# [Aim of the exercise]
Reprint all of the data below exactly as shown and skip every image.

# [Information shown]

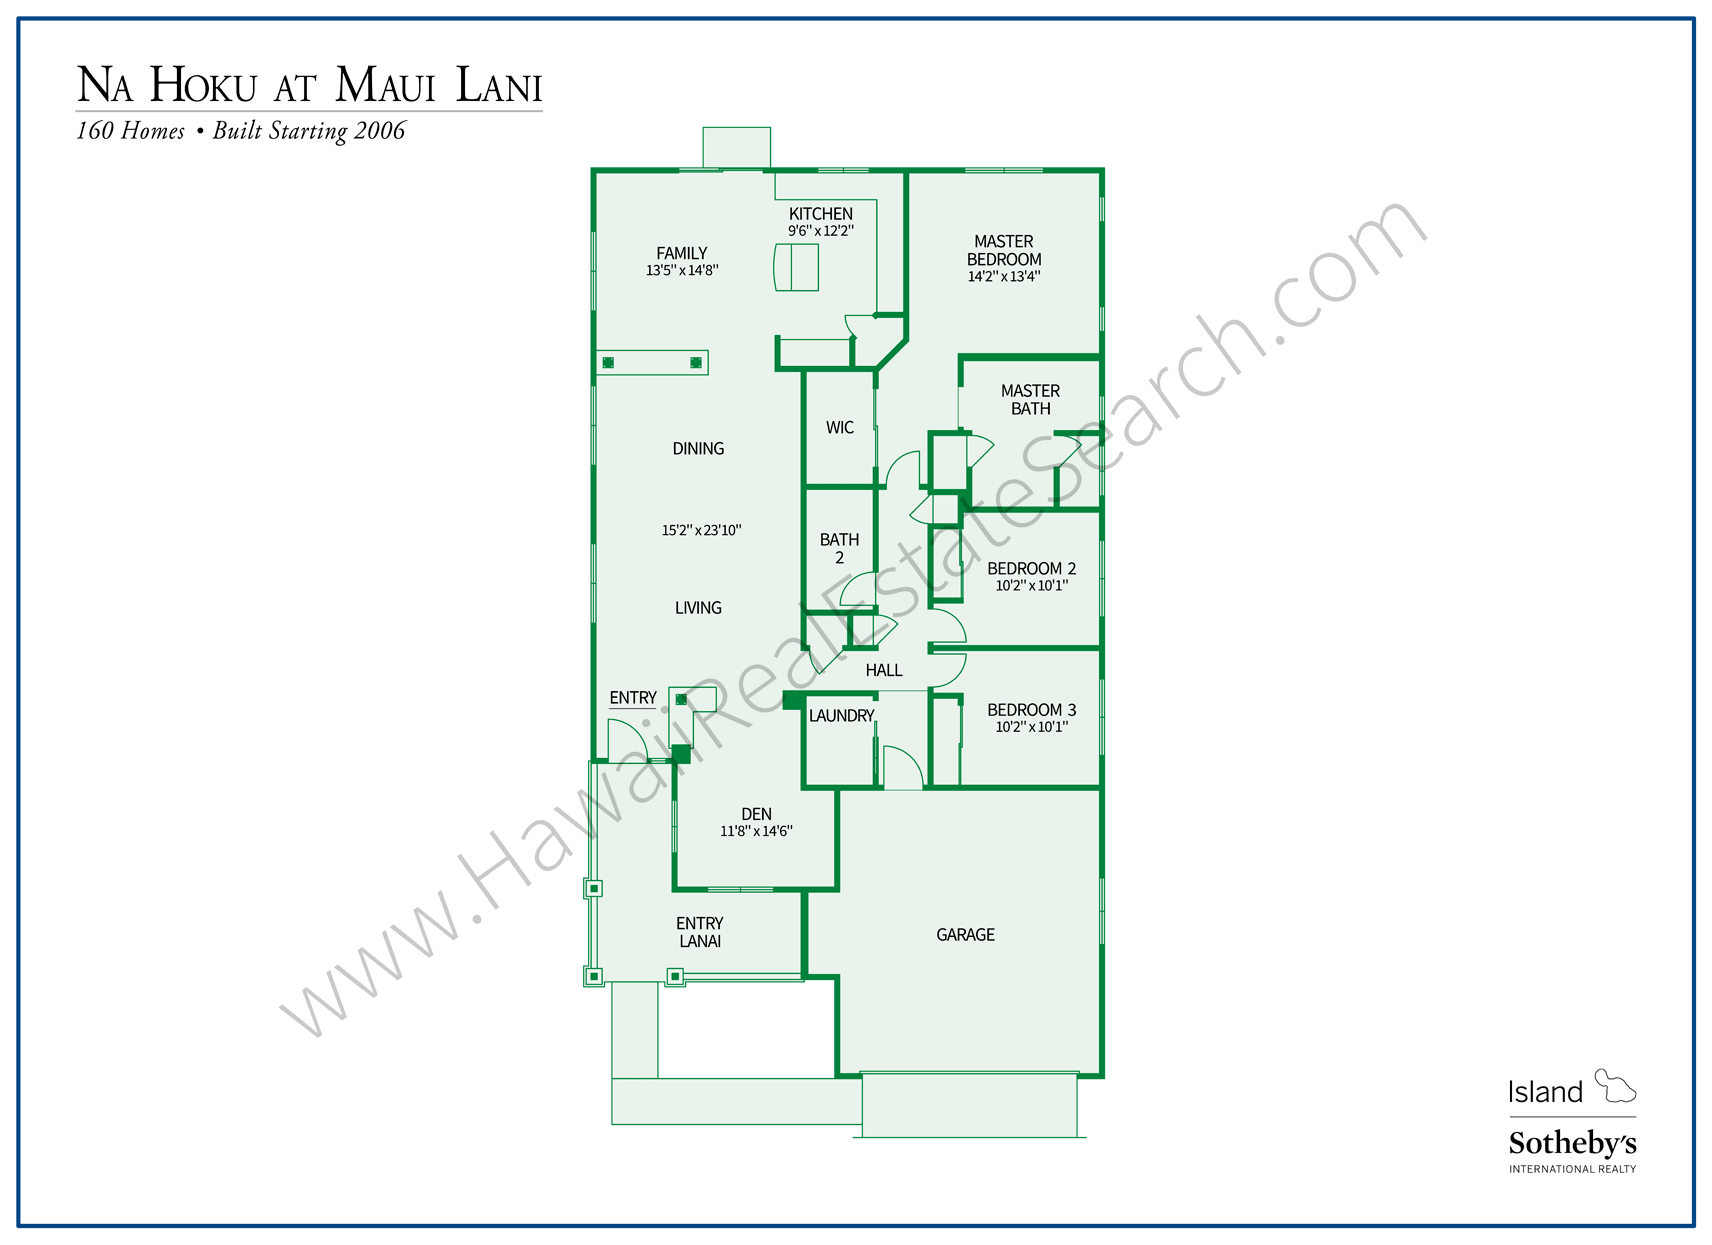 Floorplan of Na Hoku Home
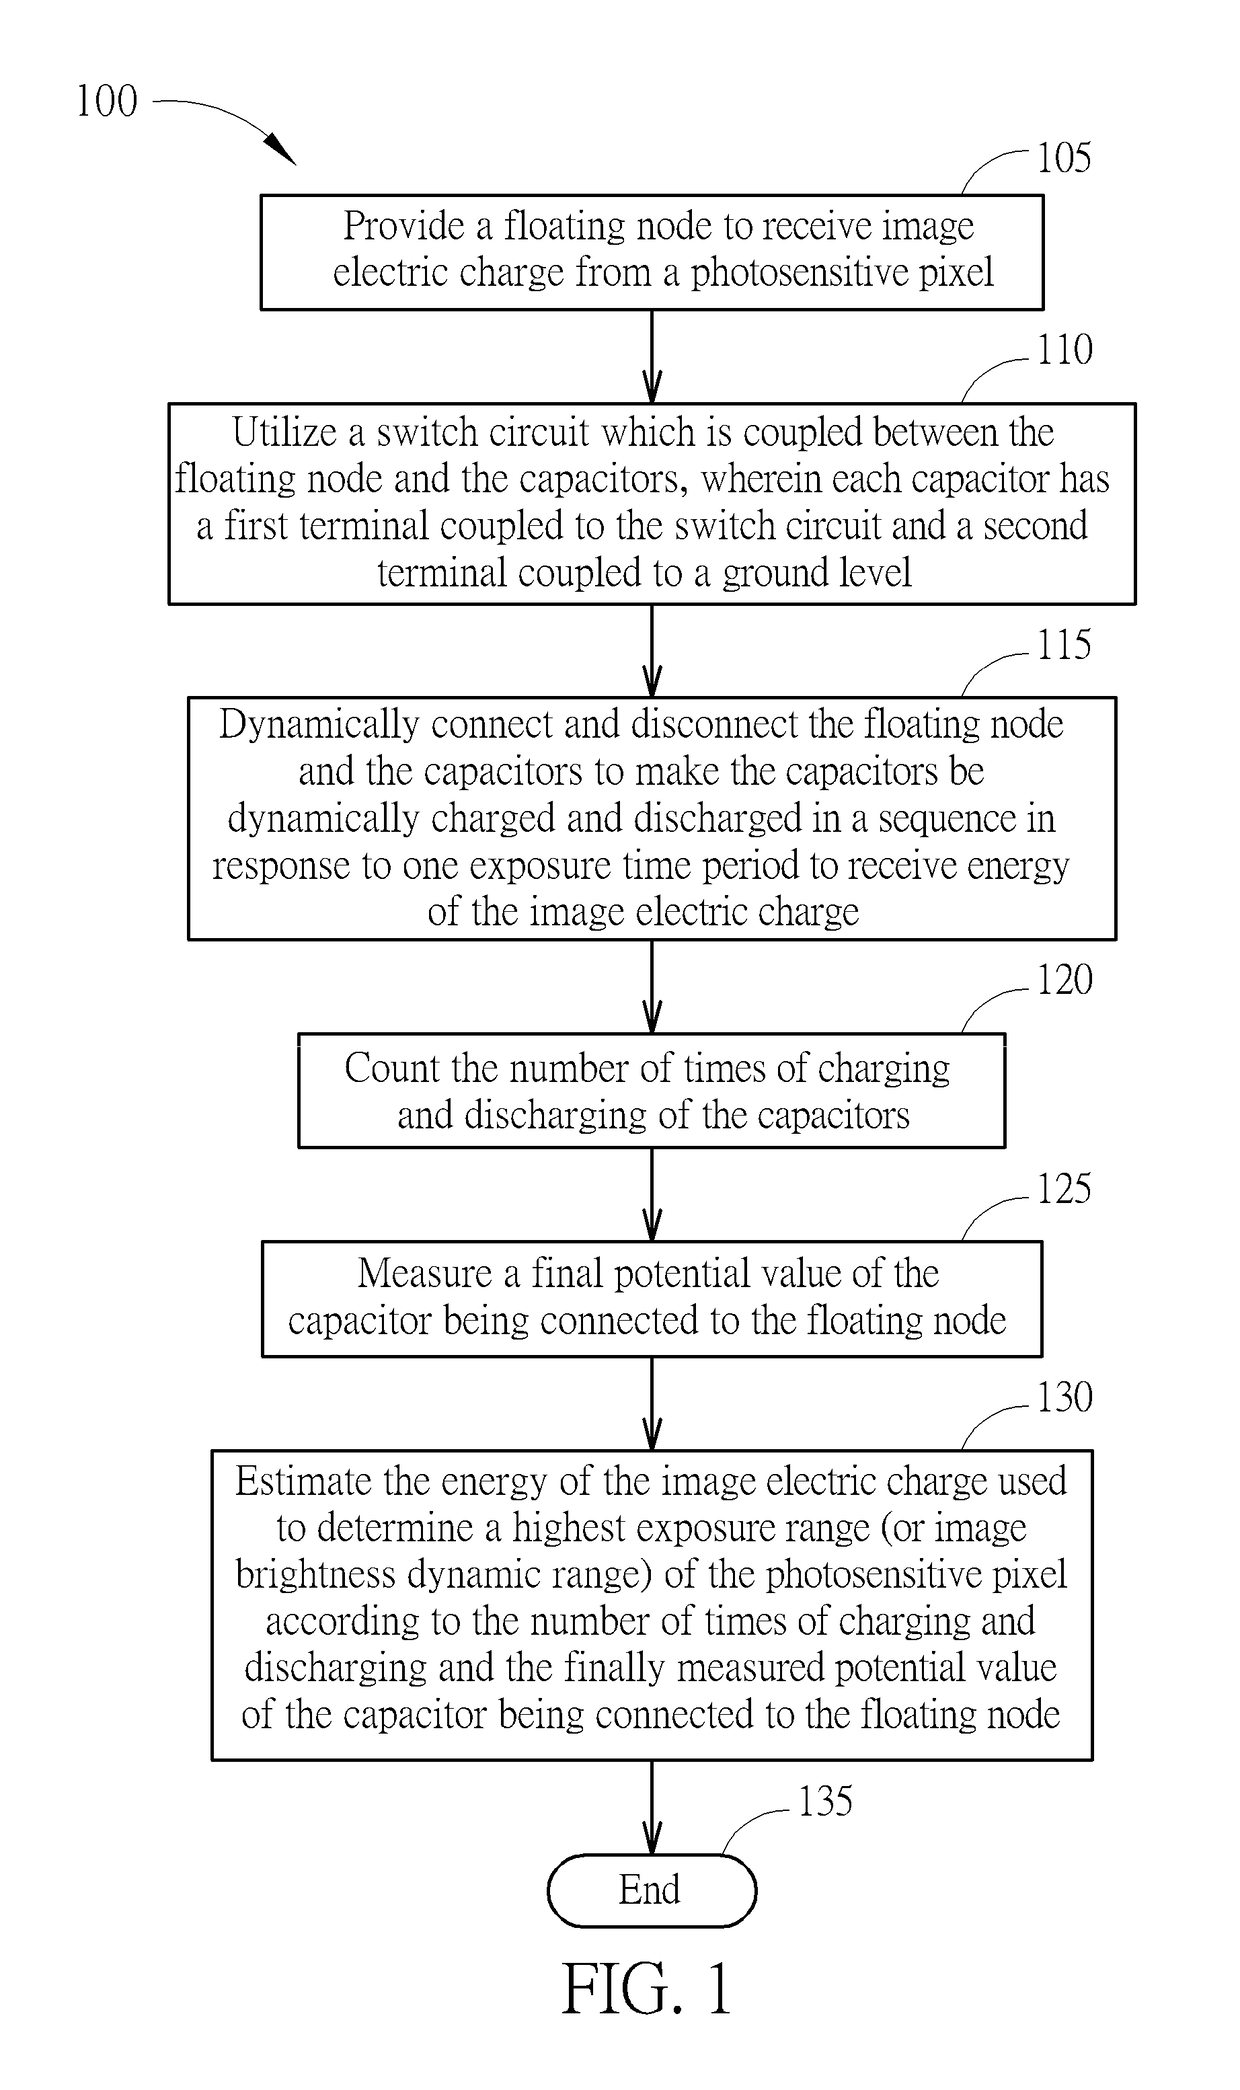 Image sensing circuit and method capable of obtaining higher image brightness dynamic range
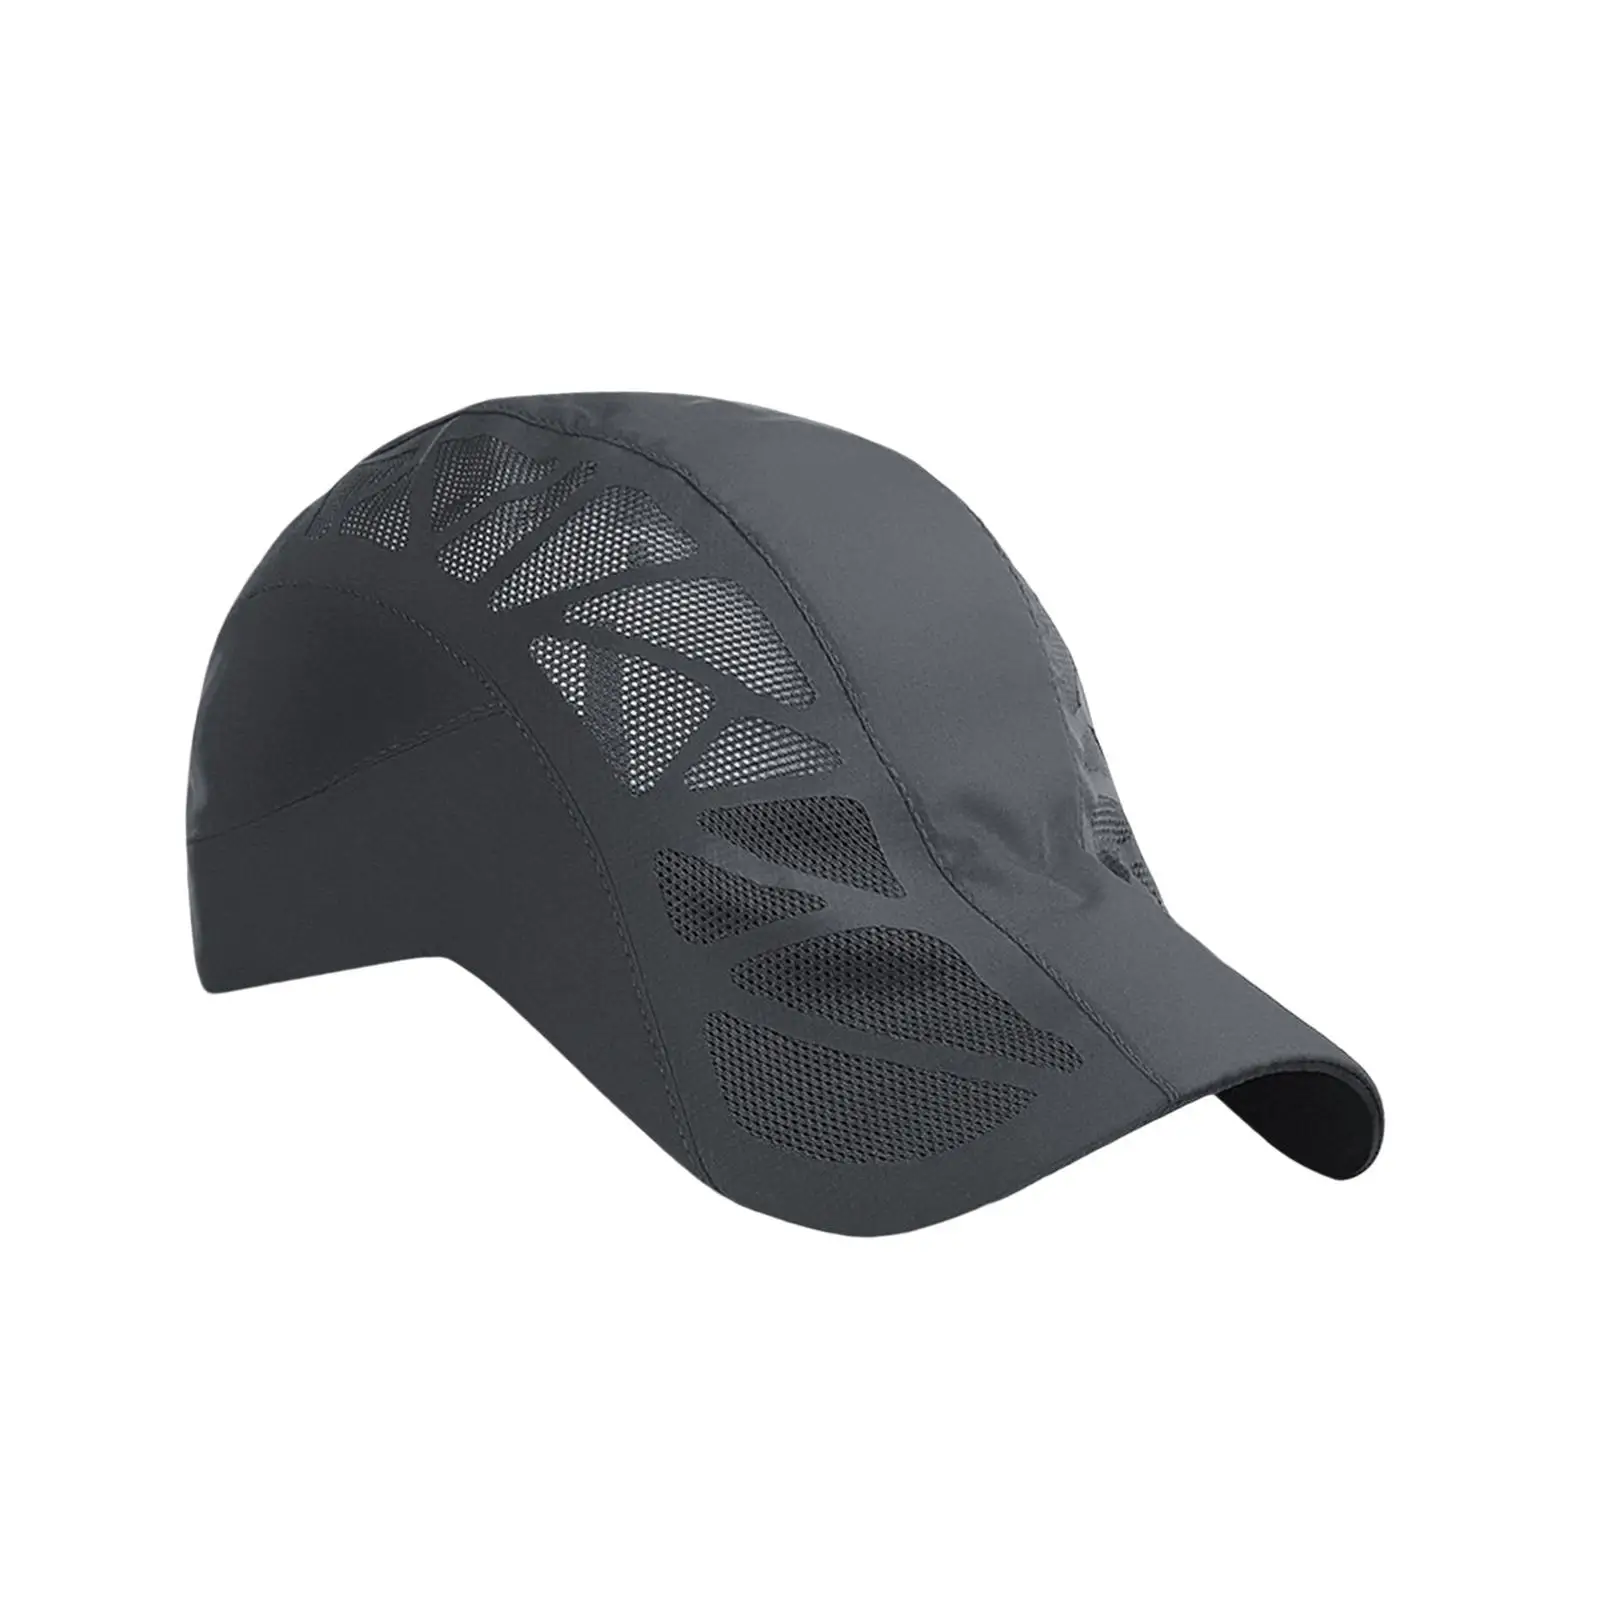 Summer Mesh Baseball Cap Adjustable Protection Flat Cap for Outdoor Sports

# [Solution]
 Floorplan of Na Hoku Home
 Image sensing circuit and method capable of obtaining higher image brightness dynamic range
 Summer Mesh Baseball Cap Adjustable Protection Flat Cap for Outdoor Sports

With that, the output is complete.